Two Levels of Social Stasis in Wang Anyi's "Brothers"


Two Levels of Social Stasis in Wang Anyi's “Brothers”
I. Introduction
In the short story “Brothers” by Wang Anyi, and again in “Woman” by Chen Ying, there is a marked contrast between static and dynamic characters (men being static in “Brothers” and dynamic in “Woman”; women being dynamic in “Brothers” and more static or staticized in “Woman”). These differences in character development can be read as products of reification, especially in the case of Old Two and her husband in “Brothers”. This reification must be understood as emanating (though not necessarily causally) from the economic “base”, but through an imperializing effect has taken up residence within the so-called superstructure relating to the base, and from there spreads dialectically and nearly imperceptibly to other spheres. The interrelations of the multiple levels of reification cause a number of problems of interpretation, which trace back to the necessity of clearly delineating those levels.
II. Static and Dynamic Characters
In “Brothers”, the three brothers are dynamic characters. Their deep-seated dissatisfaction with being placed into roles and pressed into certain forms of interaction attests to this amply enough. For example, on occasions they were “...increasingly unable to recognize their true selves. They would resume a long period of normal and mundane life. During such days, they would regularly eat, sleep, go to classes, hand in homework, and write love letters to their 'wives' at home” (95). In other words, the loss of self was accompanied by being pressed into specific social roles.

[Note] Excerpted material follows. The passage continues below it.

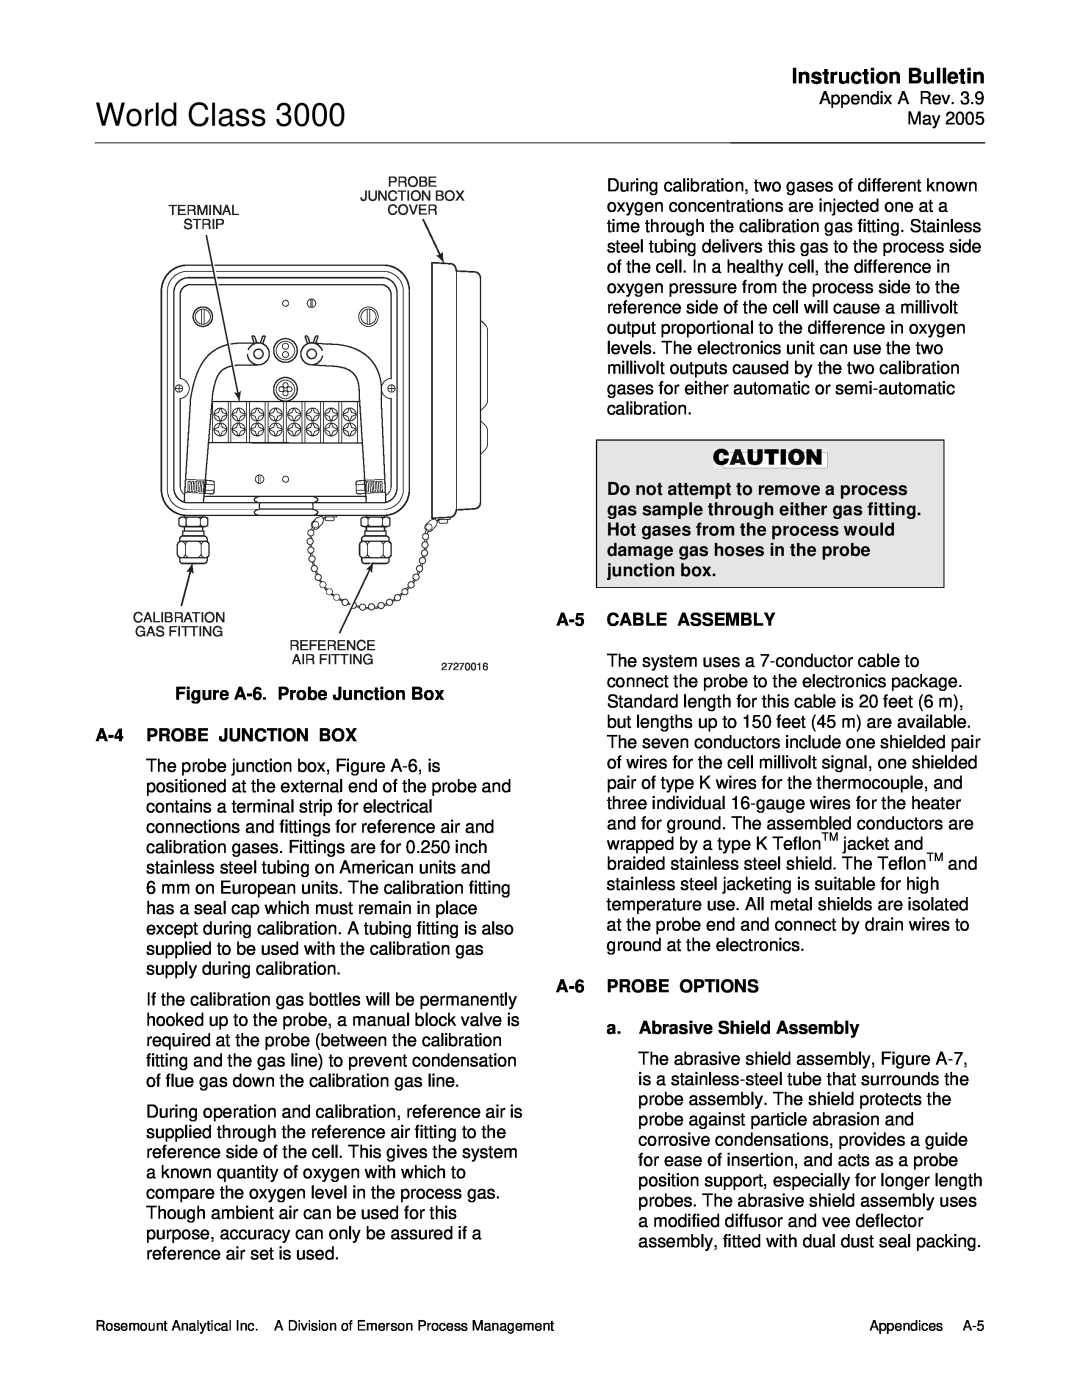 Emerson 3000 World Class, Instruction Bulletin, Figure A-6.Probe Junction Box, A-4PROBE JUNCTION BOX, A-5CABLE ASSEMBLY

The message is thus that the “true self” is dynamic, while the bourgeois-social self is both untrue and static. However, if this were the only point about their dynamism, what a static dynamism it would be! Instead, as the story progresses, a number of characteristics further clarifying the brothers' dynamism emerge. First, the change of Old Three's attitude towards feminism and towards her social role as wife emphasizes the power of the static and of hypostasis, and its prominent role in society as it exists. Another example of the same trend can be found in the ending of the story, when all contact between the brothers is broken off, each supposedly resigning to their allotted social roles. Second, the dynamism of the brothers is expressed not as a focused emotional response but as a diffuse and all-encompassing qualitative state of consciousness, as shown by Old Two's existential crisis before re-connecting with Old One. This means that, true to Bergson's essay Time and Free Will, the dynamism is experienced by static society as a Deleuzian heterogeneous multiplicity, not a collection of “ones”, but an anti-reductionist collection of “manys”. This is a true virtual dynamism, and not simply one of the type that is often expressed in stories through character development over time. This point will be especially important when we move on to study the unique effects of reification, the generalized descendent of the Marxian theory of commodity fetishism.
As truly as the brothers are dynamic, the men in the story are static. This is primarily evidenced by the part of the story that is told almost from Old Two's husband's point of view. For example, it is said that “[i]t was fine if she wanted to skip breakfast and ruin her daily routine, but he would see to it that the world around her remained as impeccably regulated as it was before”, and that “[h]is aims in life were simple and clear unlike hers, which were confused and chaotic” (108). In other words, the husband represents the pure, supposed necessity of the regularity and normalcy of bourgeois life—anything else, any questioning of this necessity ought to make one “ashamed of her absurd behavior” (108). While this theme of bourgeois normalization is a primary one in the text, the analysis will continue with the prerequisites and underlying overdetermined elements which give rise to this surface phenomenon.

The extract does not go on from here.